- DESCRIPTION OF THE TASK -
What you return must be the full listing, word for word, with no images in it.

- SOURCE MATERIAL -
§ §

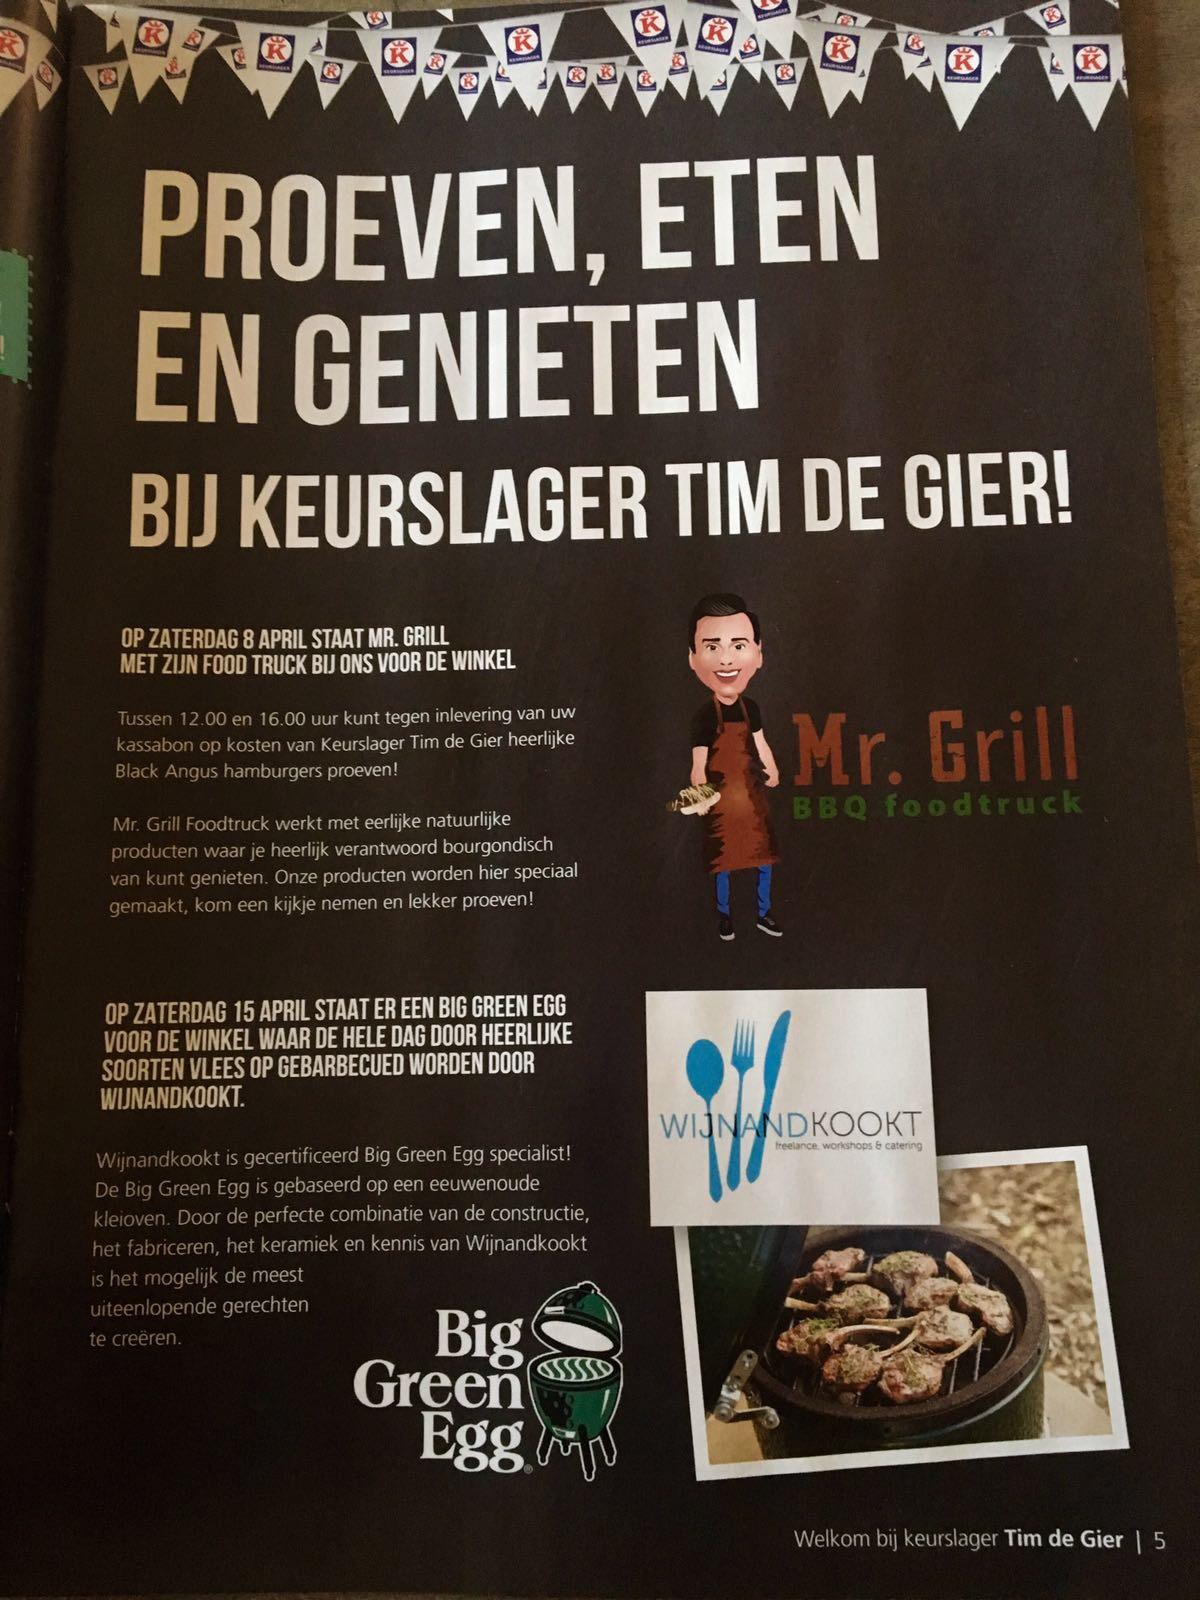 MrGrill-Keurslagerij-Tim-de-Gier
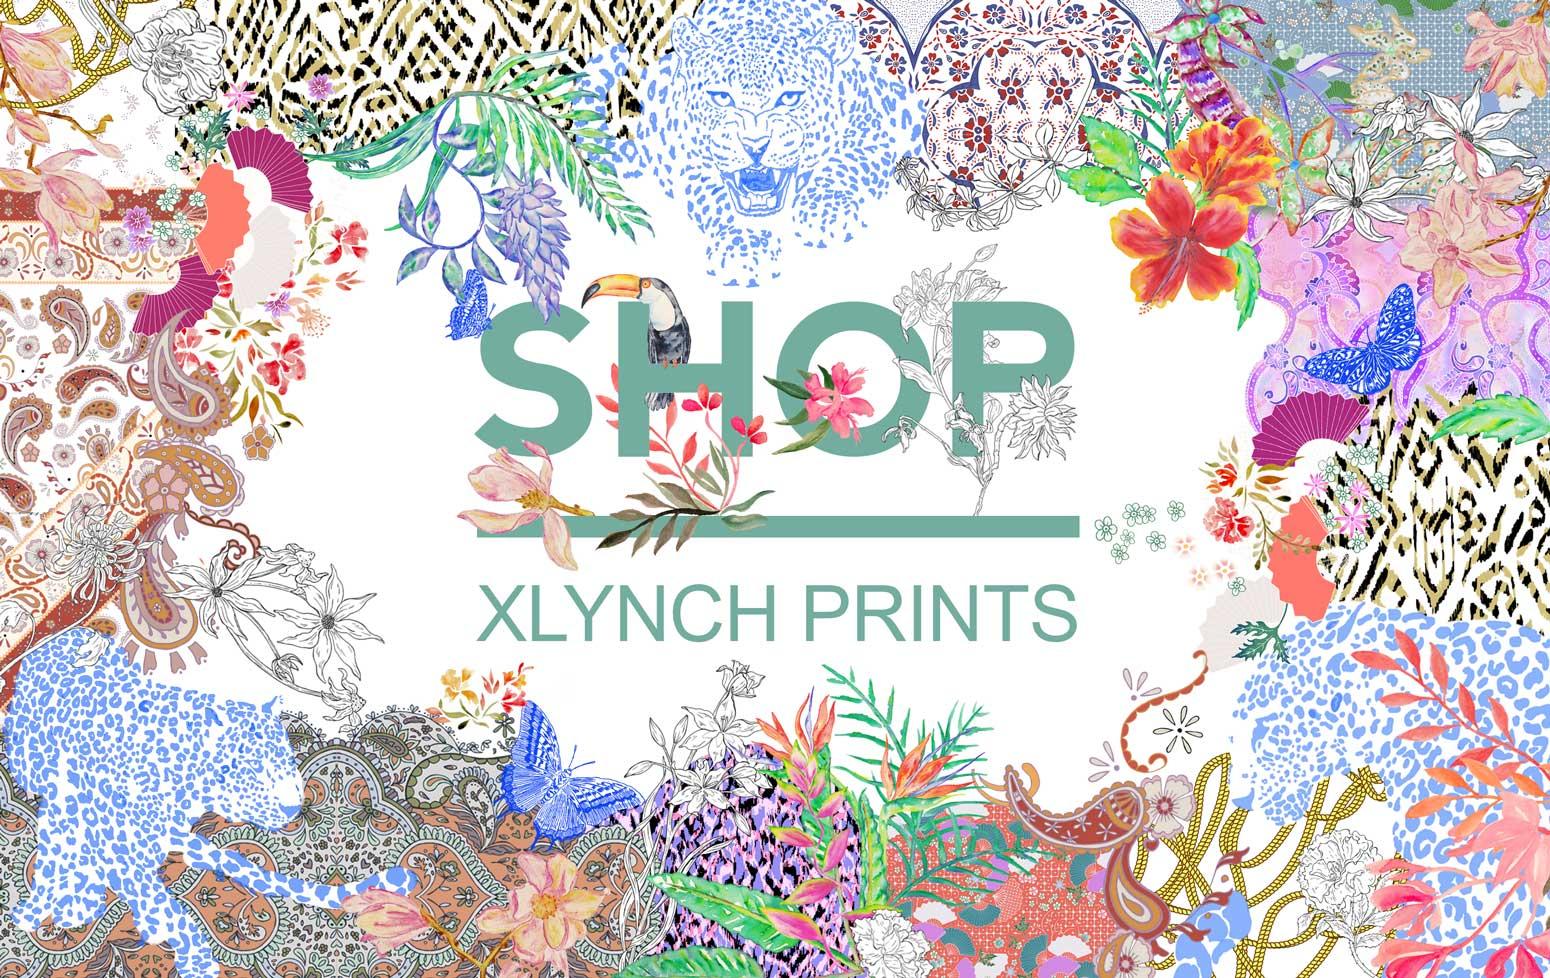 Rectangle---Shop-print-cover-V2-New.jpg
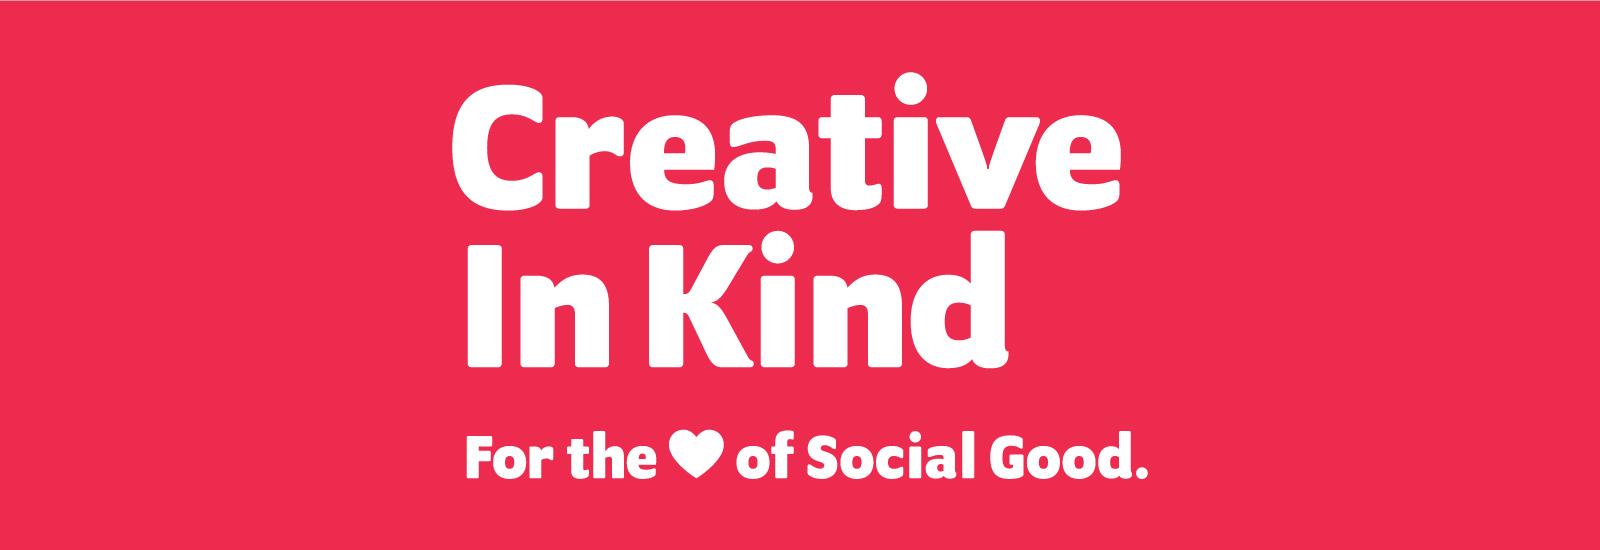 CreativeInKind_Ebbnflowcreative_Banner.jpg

§ §

- EXERCISE RESULT -
 MrGrill-Keurslagerij-Tim-de-Gier
 Rectangle---Shop-print-cover-V2-New.jpg
 CreativeInKind_Ebbnflowcreative_Banner.jpg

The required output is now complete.